I tried those things, but mostly they didn’t seem to help.
To simplify, I switched to executing julia
from bash
, removing VSCode
and its debugger/language server as possible culprits. I even tried quitting VSCode completely in case it was writing to or locking files.
I do start Revise
in my startup file.
Good News
- Using threads produced no errors about unrecognized packages.

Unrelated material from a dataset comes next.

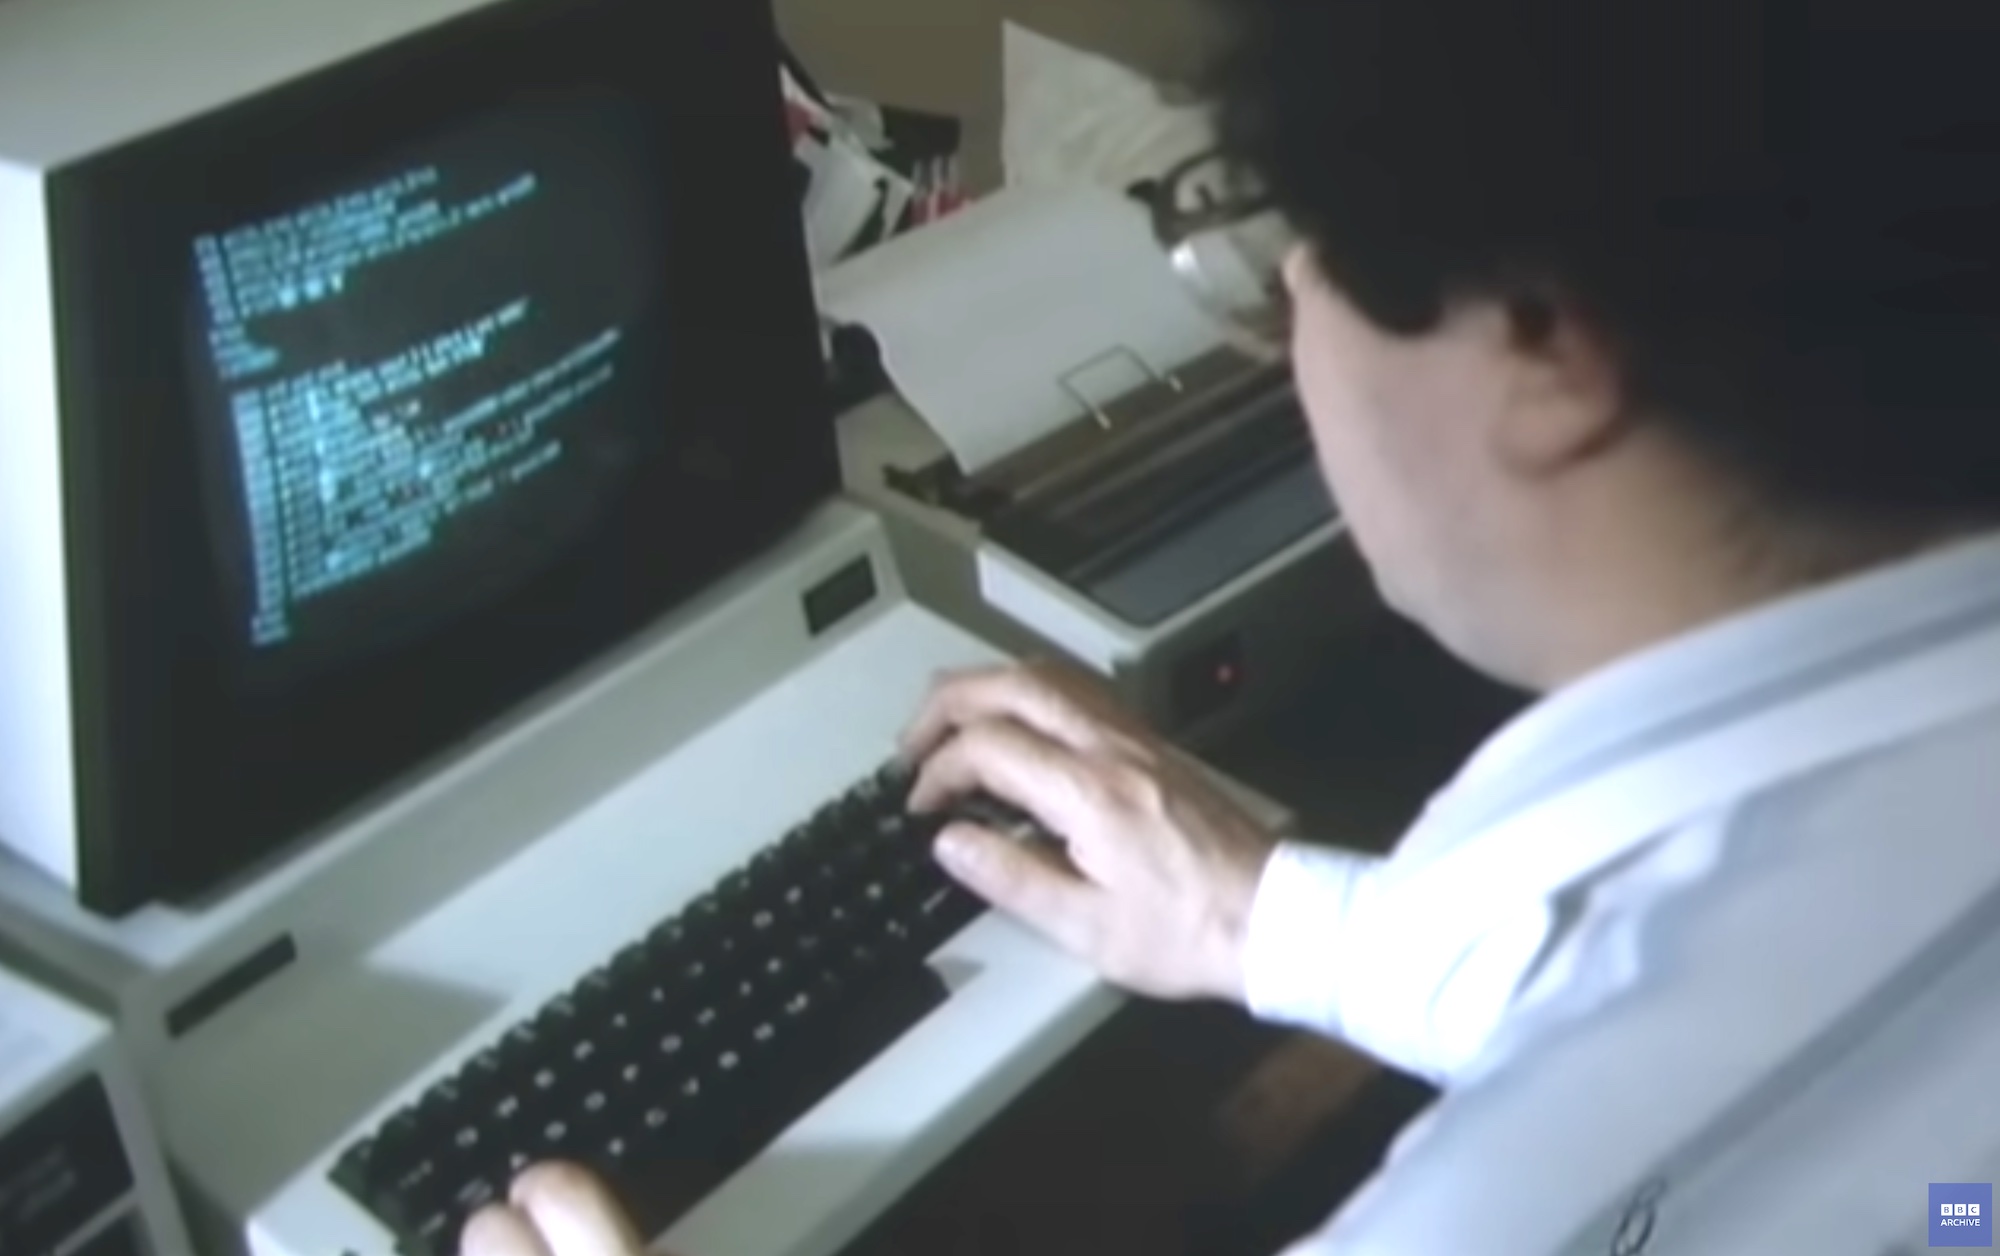 Посмотрите репортаж BBC о компьютерных наркоманах… 1983 года.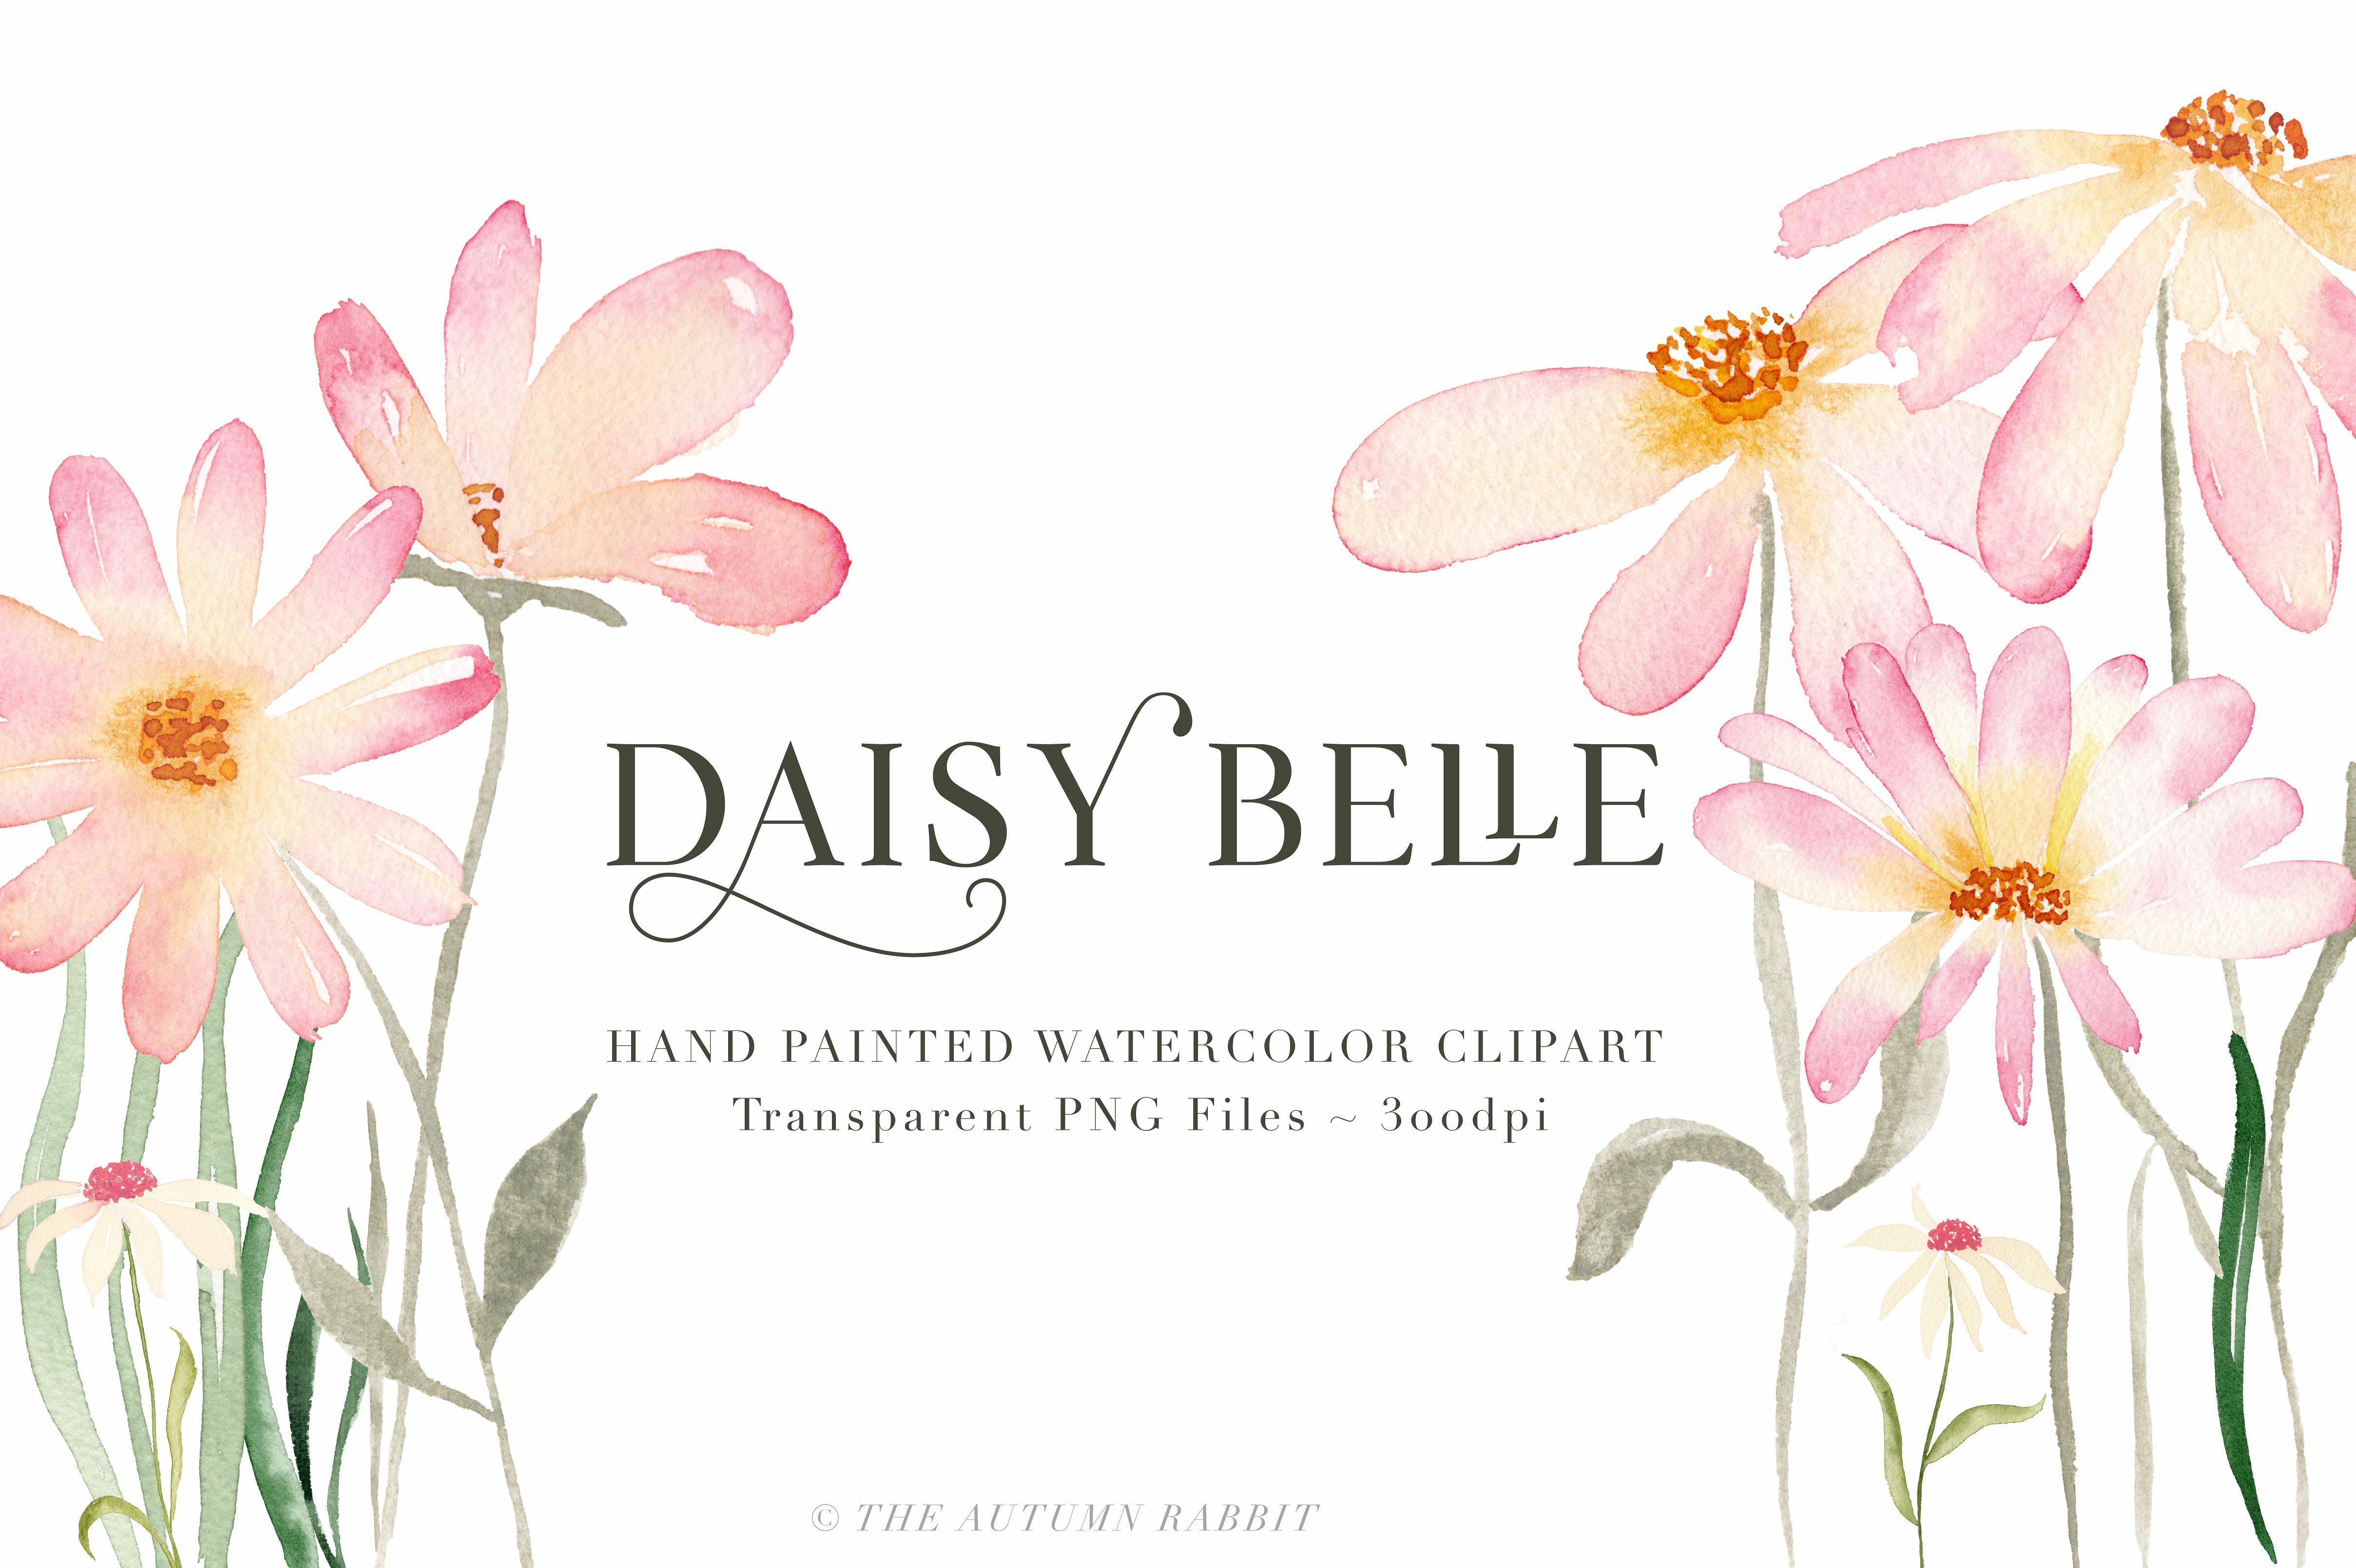 独立手绘花卉树叶图像 Daisy Belle Waterc

Though it also produced no sign more than one thread was active.
- Using
@everywhere
(thanks for the tip) I was able to get all the processes in the same environment using
@everywhere import Pkg
@everywhere Pkg.activate(".")
Unchanged Bad News
- Cloning the project into a fresh directory and starting with
julia -t4
didn’t seem to induce much parallelism, increase in CPU use beyond 1, or speedup.
(@v1.8) pkg> activate .
Activating project at `~/Documents/BP-2`
julia> import Pkg
julia> @time Pkg.precompile()
┌ Warning: The active manifest file is missing a julia version entry. Dependencies may have been resolved with a different julia version.
└ @ ~/Documents/BP-2/Manifest.toml:0
Precompiling project...
1 dependency successfully precompiled in 408 seconds. 123 already precompiled.
410.341454 seconds (2.77 M allocations: 177.222 MiB, 0.04% gc time, 0.16% compilation time)
So one package was precompiled but it took 410 seconds!? Maybe the work is hidden in the threads?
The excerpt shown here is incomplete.